UN raises $3B against malaria

? With $3 billion in new pledges, world leaders say they believe an ambitious goal to stop deaths from malaria by 2015 is finally within reach.

A plan billed as the most comprehensive ever to tackle the mosquito-borne disease, which kills nearly 1 million people each year, was announced this week at a United Nations gathering of heads of government, global health leaders and philanthropists.

It calls for a sharp increase in the use of relatively simple prevention efforts, such as distribution of insecticide-treated bed nets and the spraying of homes, and boosting vaccine research.

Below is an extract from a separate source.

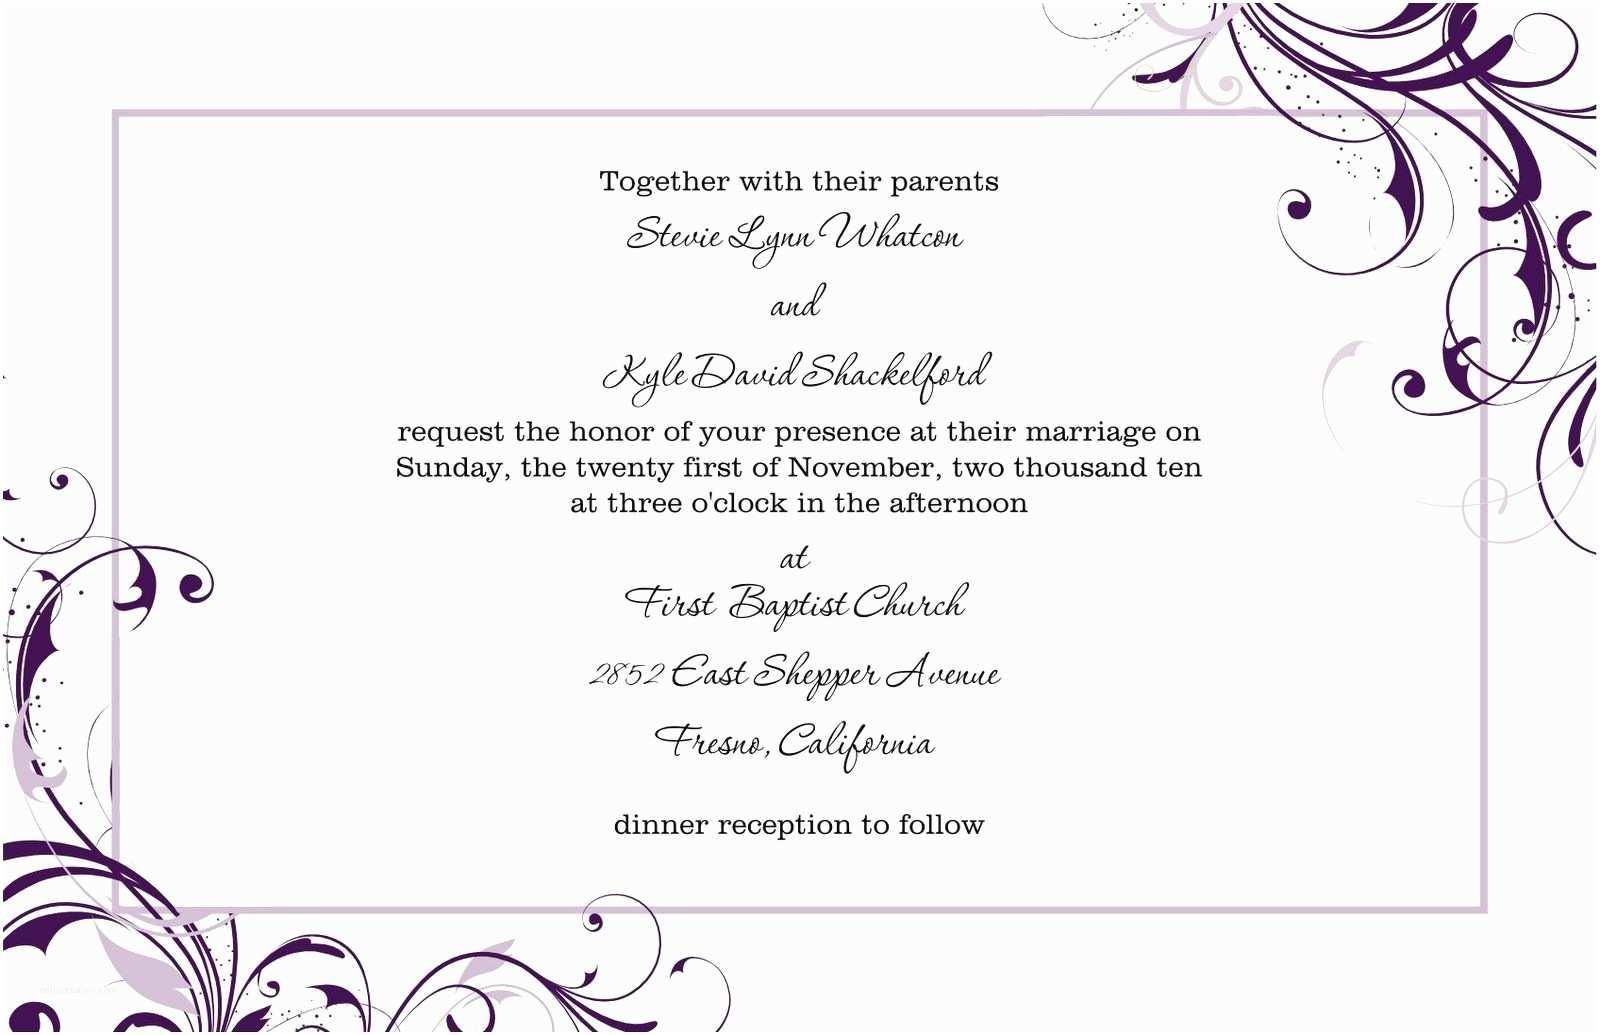 Free Printable Wedding Invitation Templates for Word Free Blank Wedding Invitation Templates for Microsoft Word

“To be able to say with conviction for the first time that all countries will be able to see an end to malaria deaths : is indeed a historic moment,” British Prime Minister Gordon Brown told reporters here Thursday.

Malaria is the single greatest cause of death for the world’s children, but only in recent years has it drawn high-profile attention. International spending to fight the disease reached an average of $1 billion a year between 2002 and 2007, according to the online journal PLoS Medicine.

The World Health Organization, in a report last week, put the number of malaria cases in 2006 at 247 million and the number of deaths at 881,000, most of them children under 5 in sub-Saharan Africa. The figures are slightly lower than in previous reports, a drop attributed to better counting methods.

But participants at the U.N. gathering said they were buoyed by a real decline, of 50 percent or more, in malaria deaths during this decade in some African countries that have mounted aggressive prevention and treatment programs.

Those places include Eritrea, Rwanda, Sao Tome and Principe, and the Zanzibar region of Tanzania. The WHO report pointed out that they have relatively small populations, a factor that might have made progress against the disease easier.

About one-third of the new funding will go for a World Bank campaign in Nigeria and the Democratic Republic of Congo, which account for at least 30 percent of all malaria deaths worldwide.

The plan was unveiled with fanfare by participants in the U.N. gathering, including Bill Gates and U2 singer Bono.

But the campaign’s organizers said additional investments of at least $1 billion a year will be needed to reduce the number of deaths to zero over the next seven years.